Thanks for this conversation it’s been helpful as I try to get a solid grasp on this stuff.

I’ve been reading Ian’s papers but I’m left with a few questions.

I think I get the triple signed receipt. It’s signed by Alice, Bob and the server…three parties. Ya?

But the ‘entries’ in triple entry account is giving me some trouble. Ian says that triple entry accounting is…
“pairs of double entries connected by the central list of receipts; three entries for each transaction. Not only is each accounting agent led to keep three entries, the natural roles of a transaction are of three parties, leading to three by three entries.”

At first I thought this meant that the server is using double entry account + receipts…three entries. But why does he say “pairs" of double entries?

Double entry for Alice’s account + double entry for Bob’s account?

And “each accounting agent led to keep three entries”? Alice, Bob and the server are the accounting agents, yes? …Alice is doing double entry accounting for herself and Bob???
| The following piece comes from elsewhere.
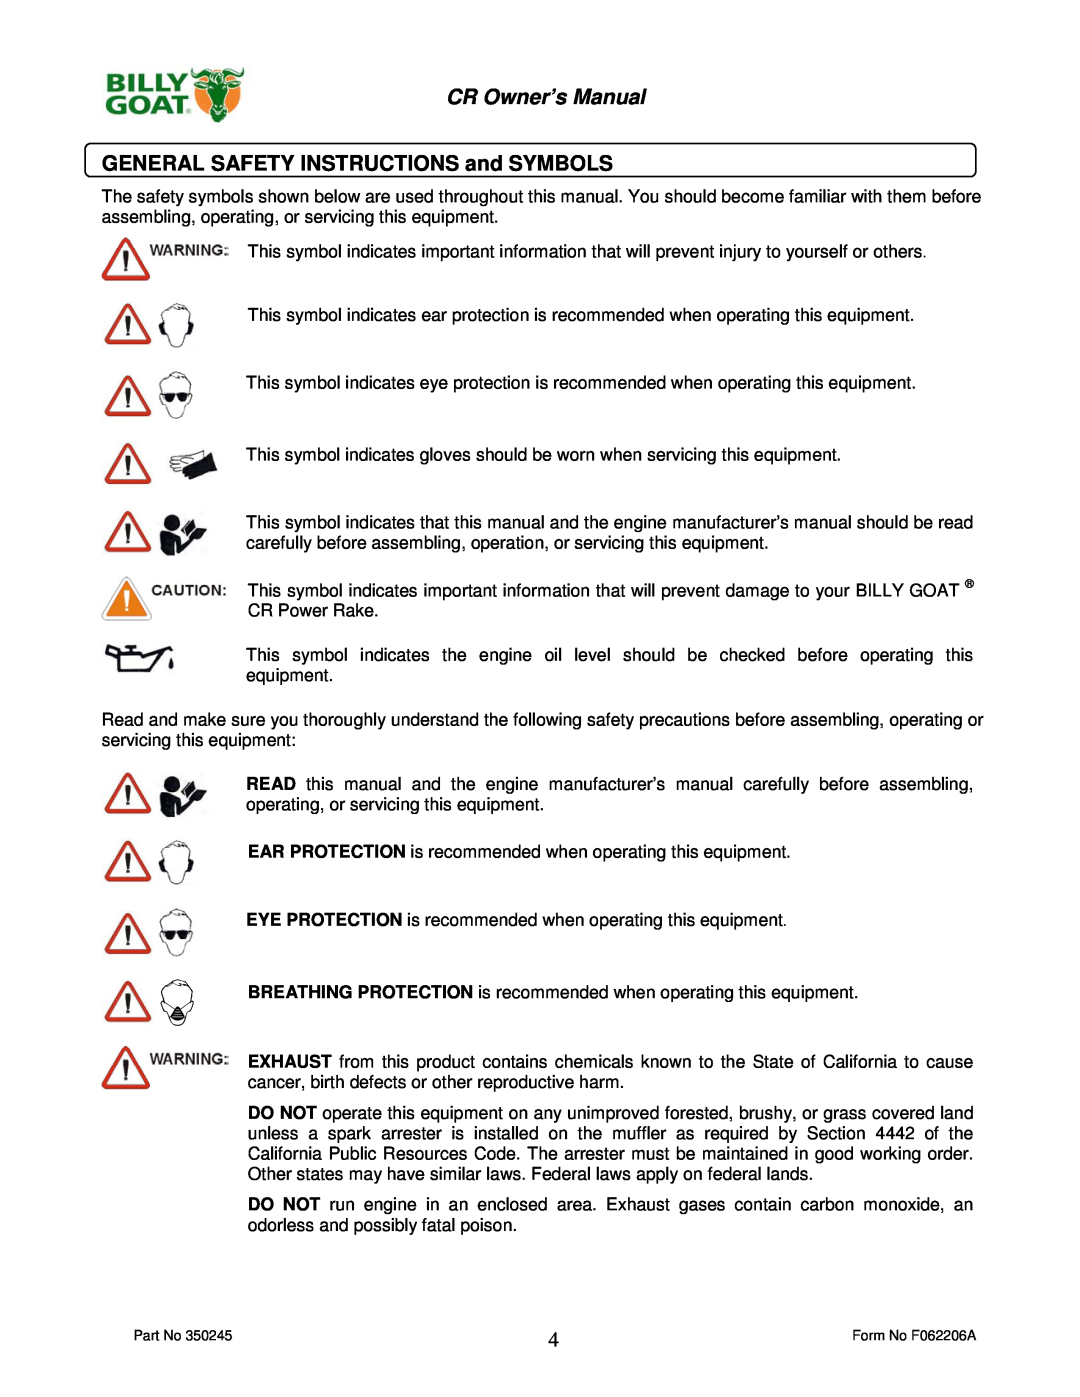 Billy Goat CR550HC owner manual GENERAL SAFETY INSTRUCTIONS and SYMBOLS 
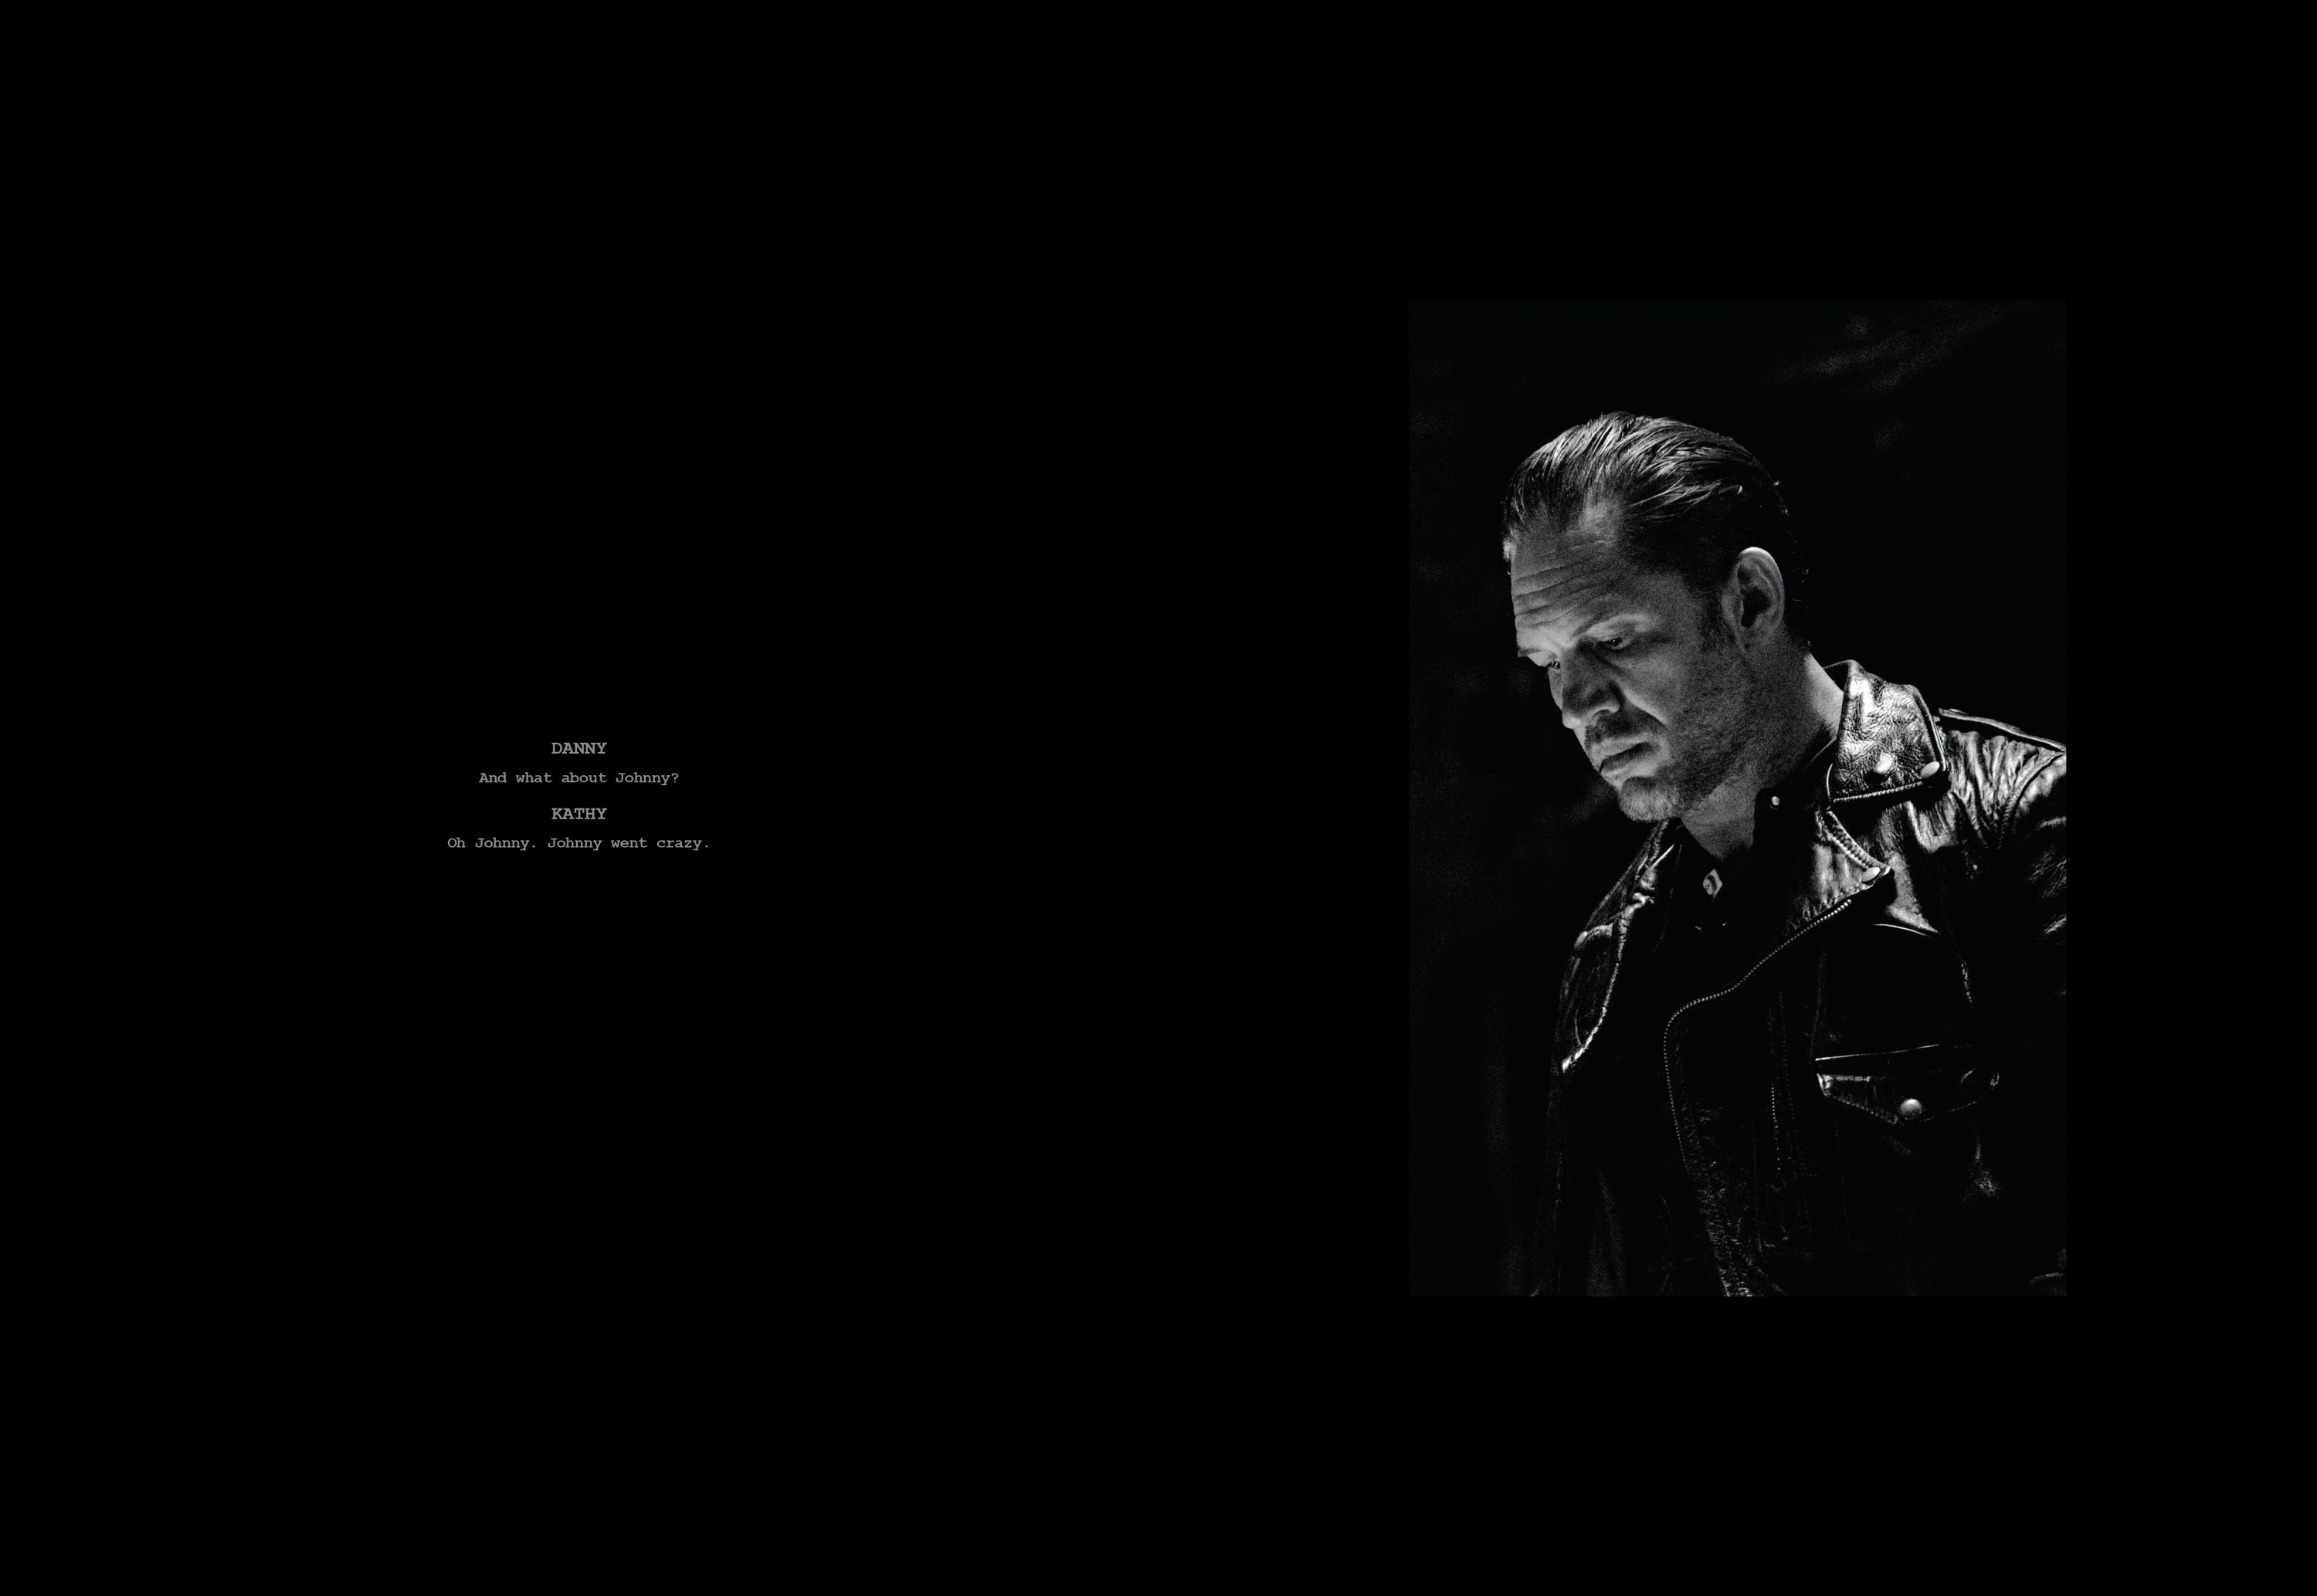 Tom Hardy in the new book 'Vandals: The Photography of The Bikerides' published by Insight Editions.

I’m missing something here. If someone would tell me what that is, it would be much appreciated!!

Thanks,
Lina


He continues on to say this
"We term this triple entry bookkeeping. Although the digitally signed receipt dominates in information terms, in processing terms it falls short. Double entry book keeping fills in the processing gap, and thus the two will work better together than apart. In this sense, our term of triple entry bookkeeping recommends an advance in accounting, rather than a revolution."

The old system of double entry is maintained. So those are two pairs of entries. With the addition of a third pair, the one kept by the issuer. 3 pairs.